[Given material]

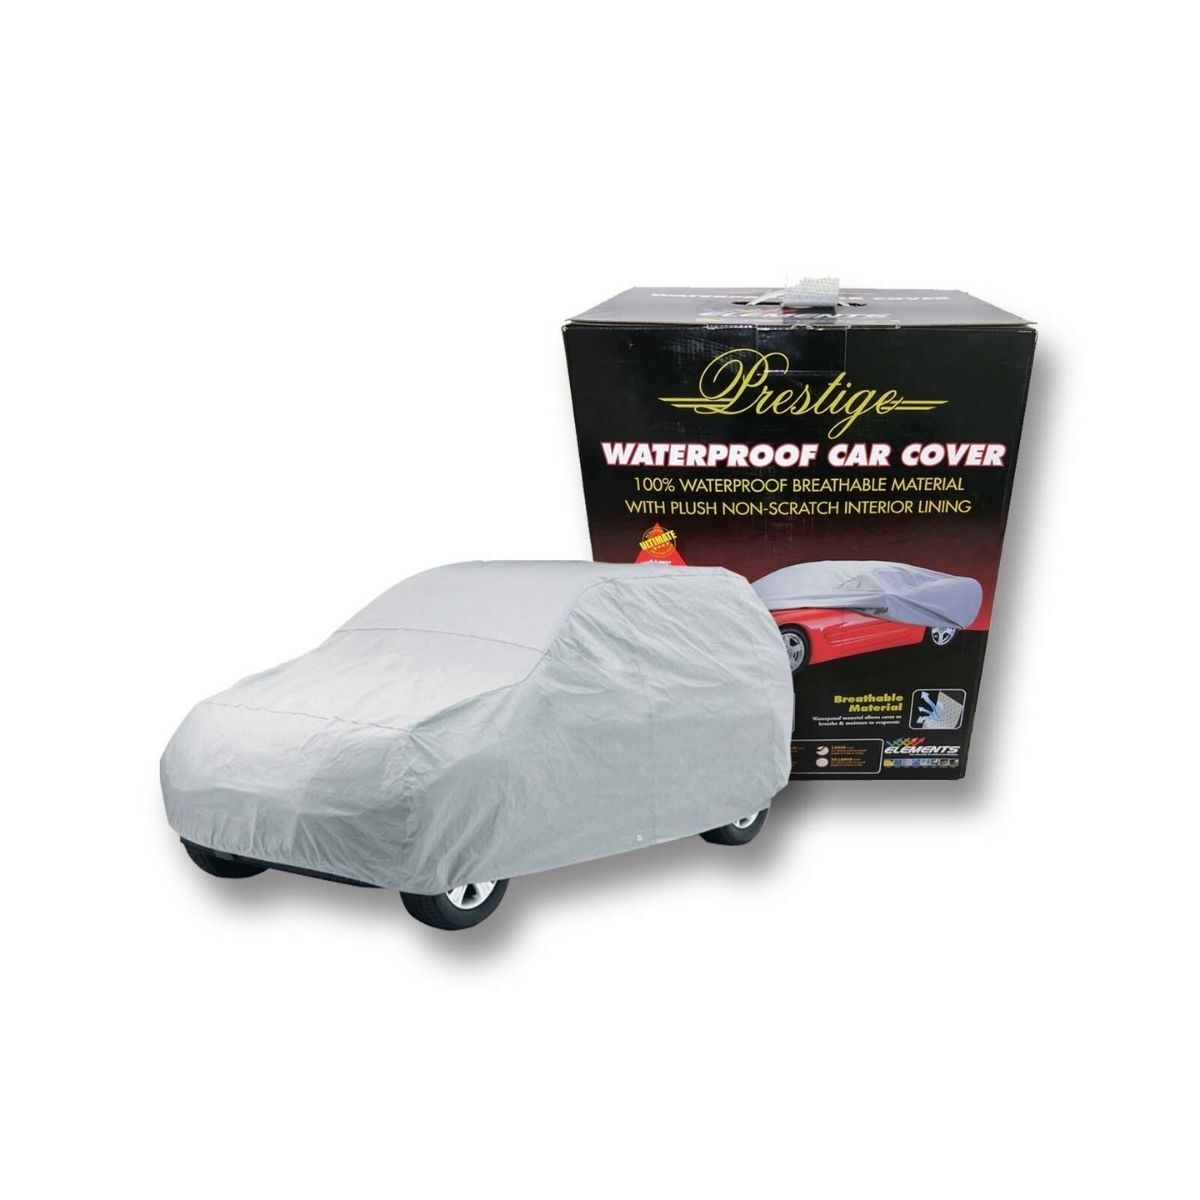 SMALL HATCHBACK PRESTIGE WATERPROOF CAR COVER up to 4.06m MAZDA 2
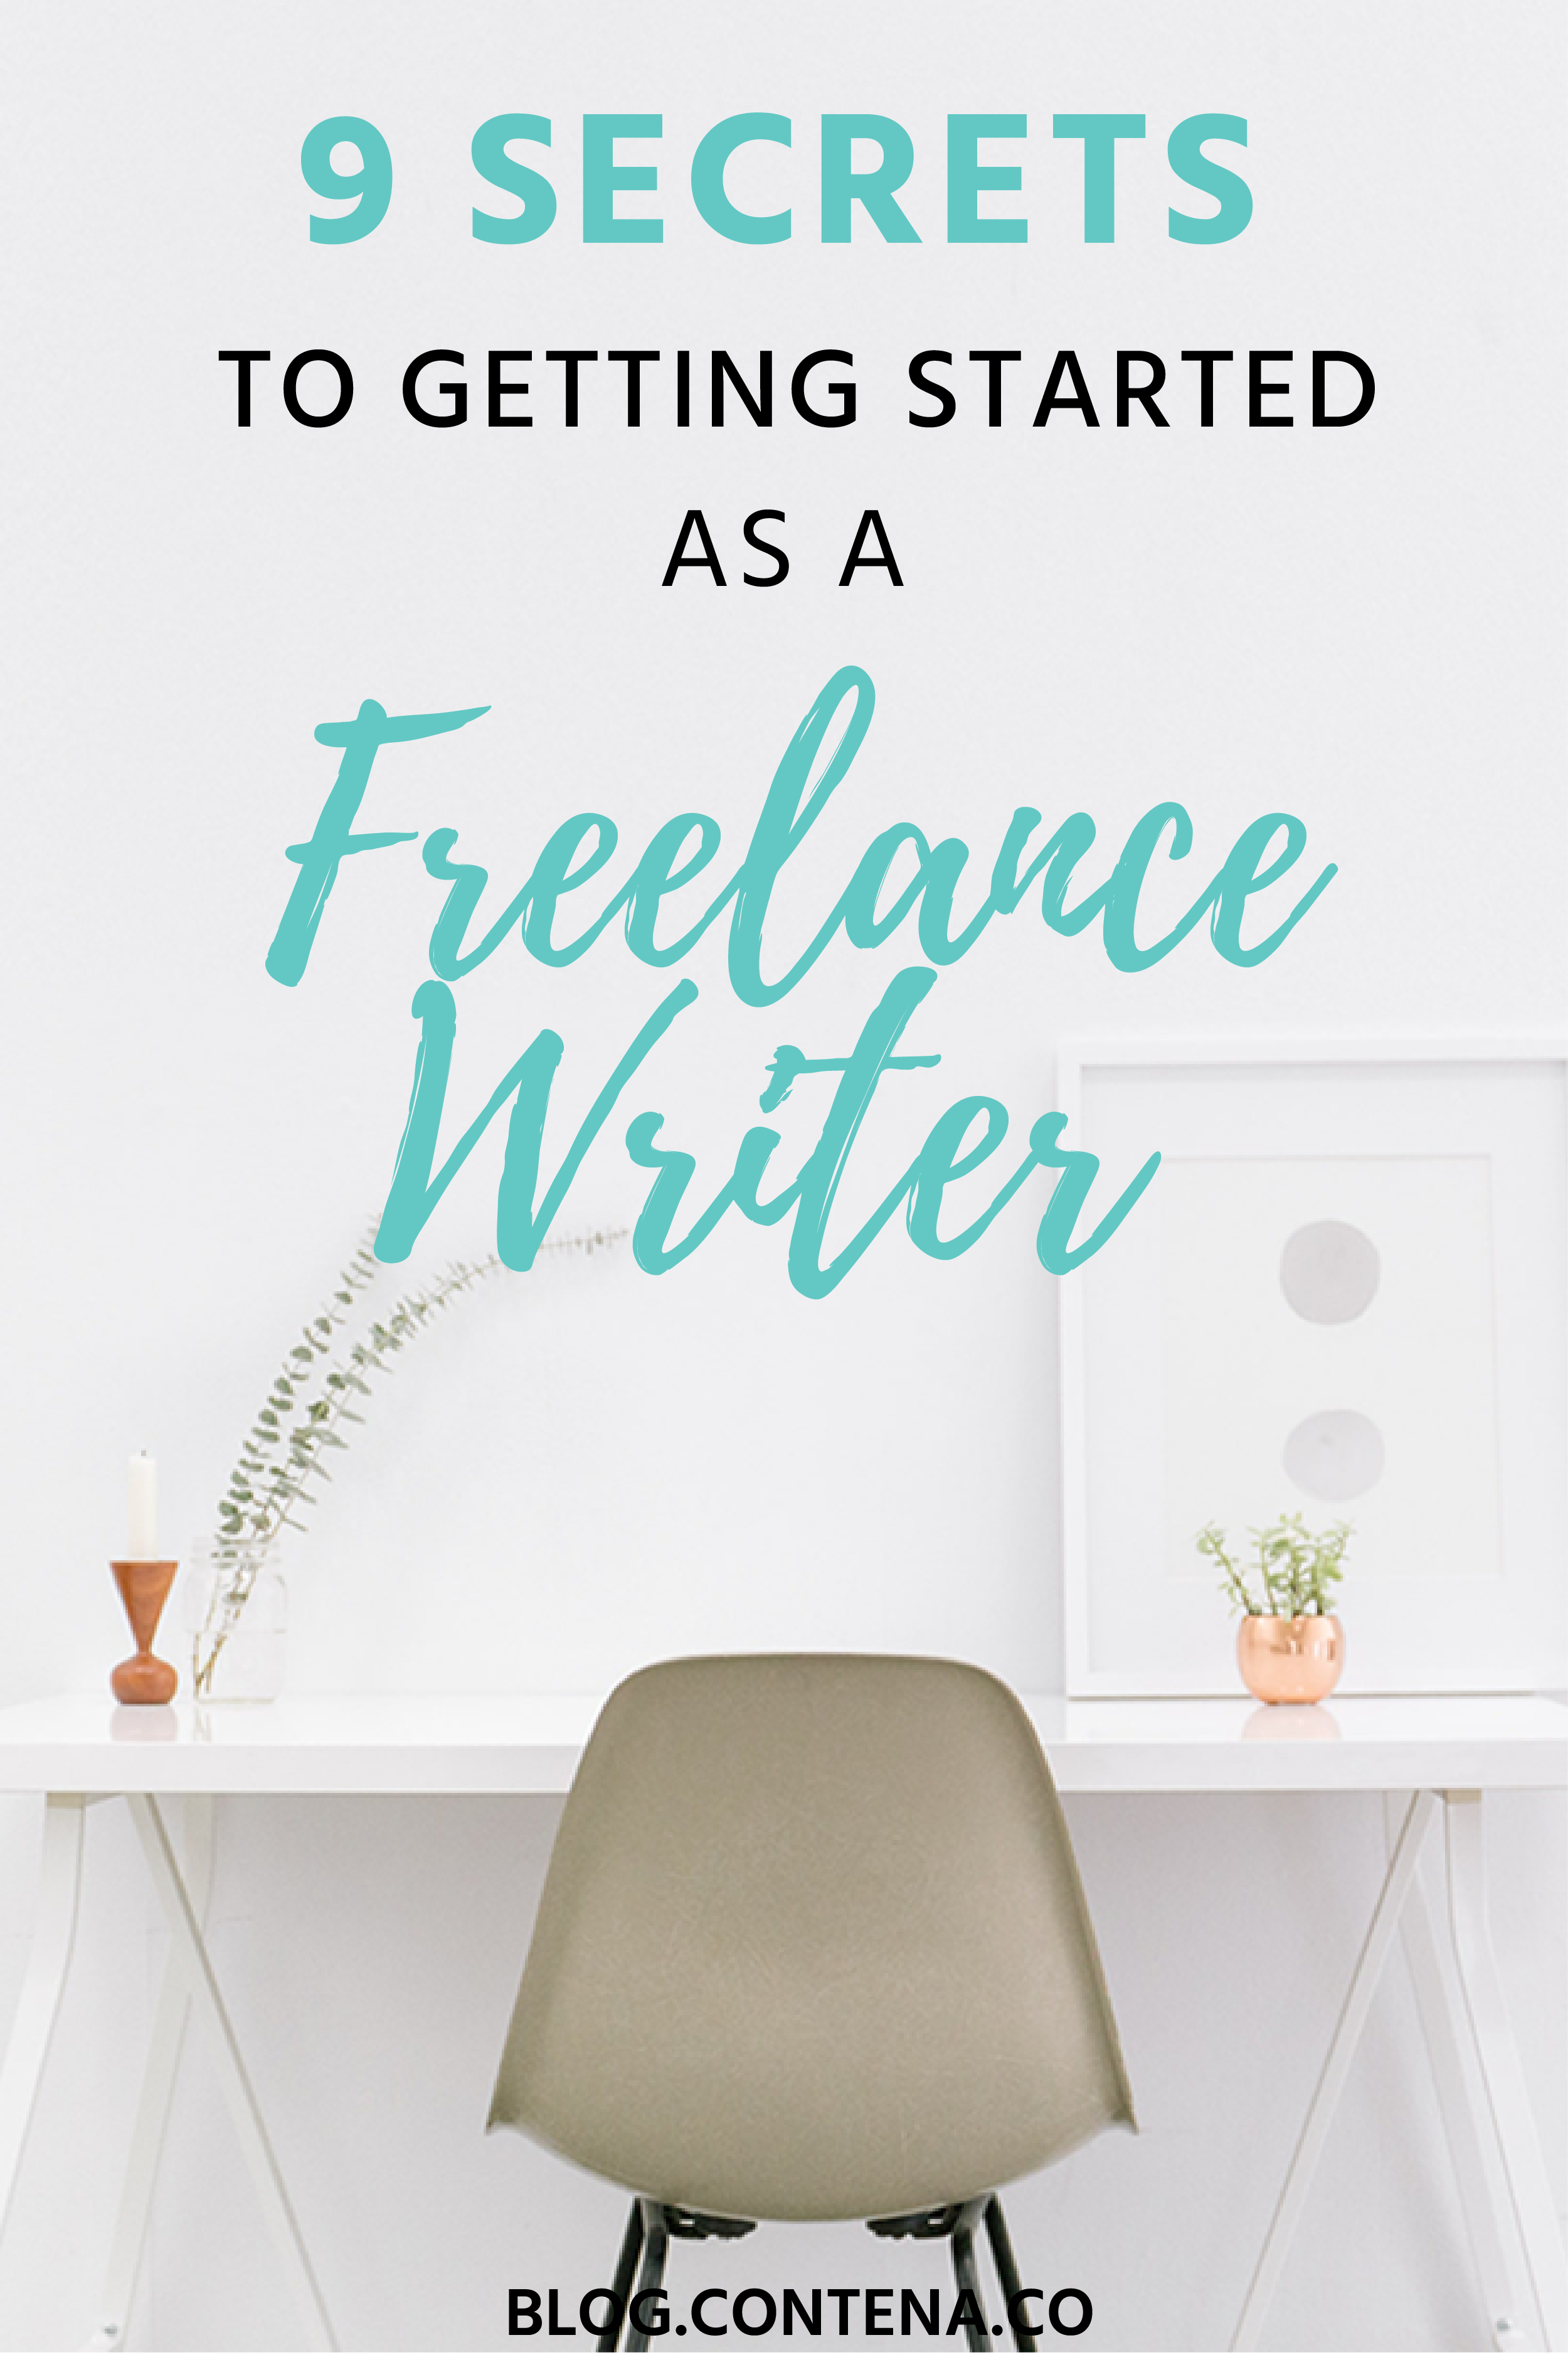 If you’re wondering how to start freelance writing and work from home, we have the tips and advice for you. Here’s how to get started with your business as a freelance writer and find paid freelance writing jobs. #FreelanceWriting #OnlineBusiness #Freelancing #WorkFromHome #RemoteWork #Money #FreelanceWriter #WritingJobs
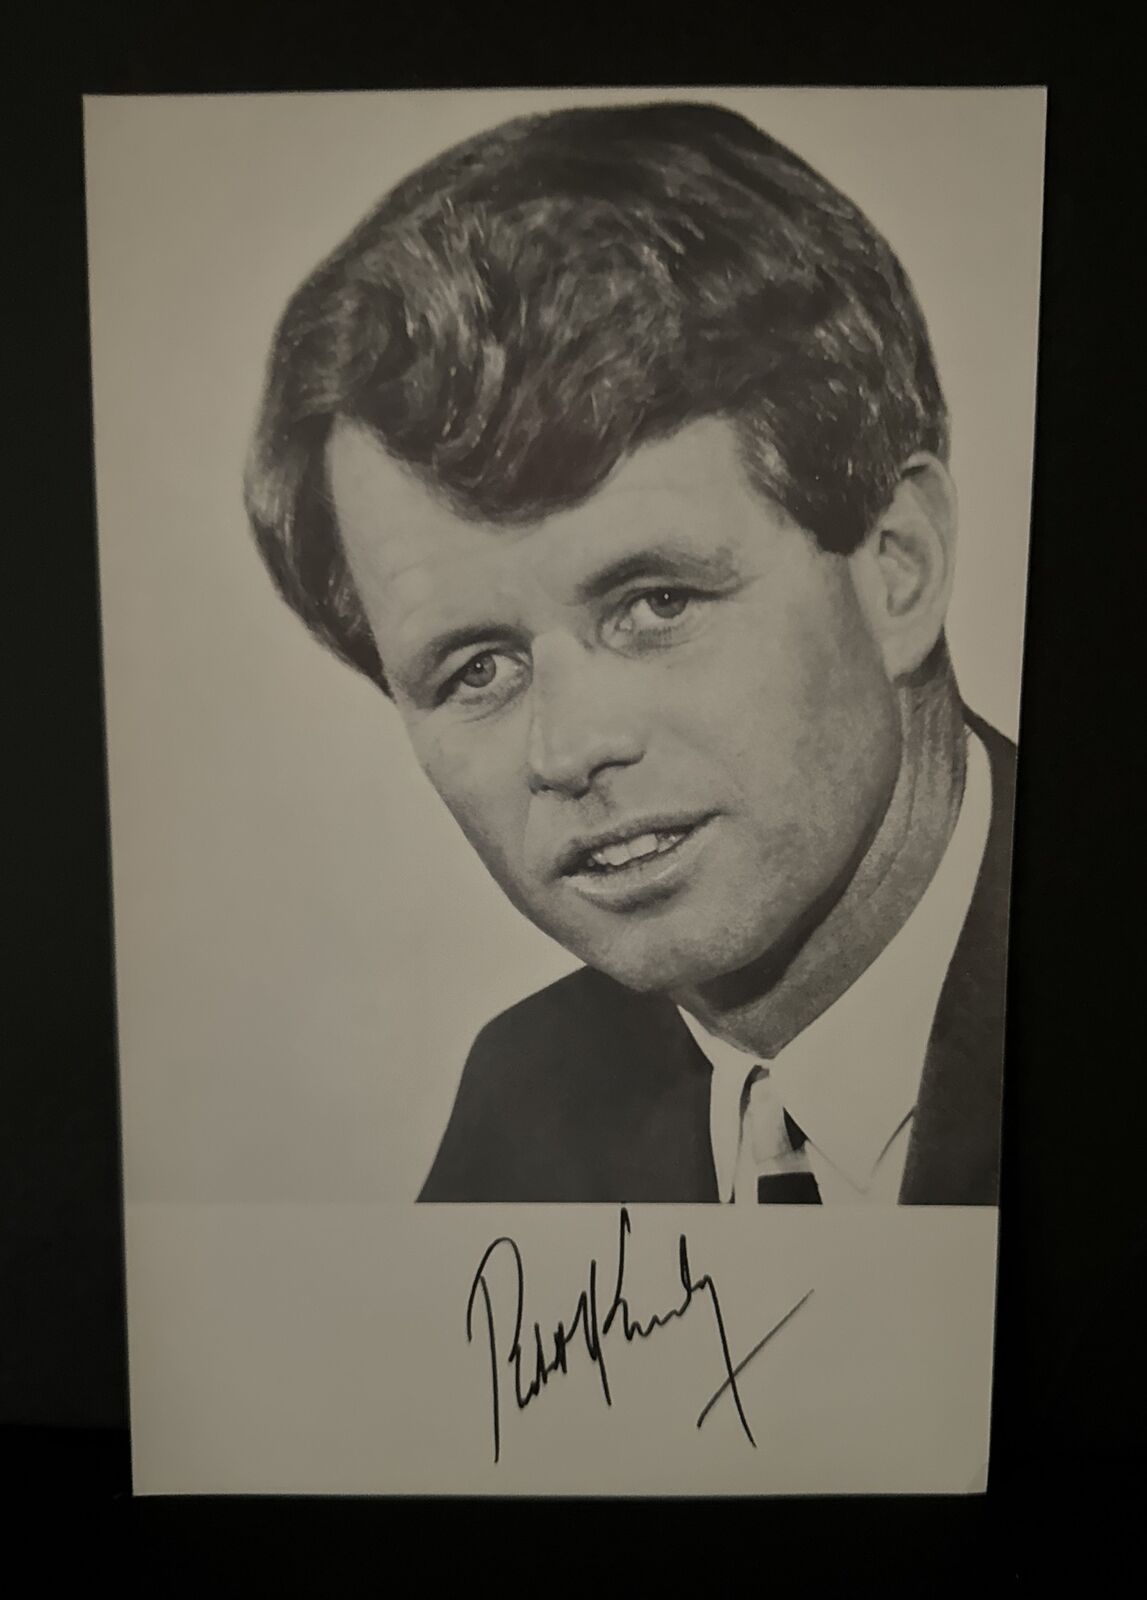 ROBERT F KENNEDY PRESIDENTIAL CAMPAIGN PHOTO CARD FLYER HAND OUT 1968 VINTAGE

[/Given material]

Reproduce the data above verbatim, minus any images.

Response to the exercise —
 SMALL HATCHBACK PRESTIGE WATERPROOF CAR COVER up to 4.06m MAZDA 2
 If you’re wondering how to start freelance writing and work from home, we have the tips and advice for you. Here’s how to get started with your business as a freelance writer and find paid freelance writing jobs. #FreelanceWriting #OnlineBusiness #Freelancing #WorkFromHome #RemoteWork #Money #FreelanceWriter #WritingJobs
 ROBERT F KENNEDY PRESIDENTIAL CAMPAIGN PHOTO CARD FLYER HAND OUT 1968 VINTAGE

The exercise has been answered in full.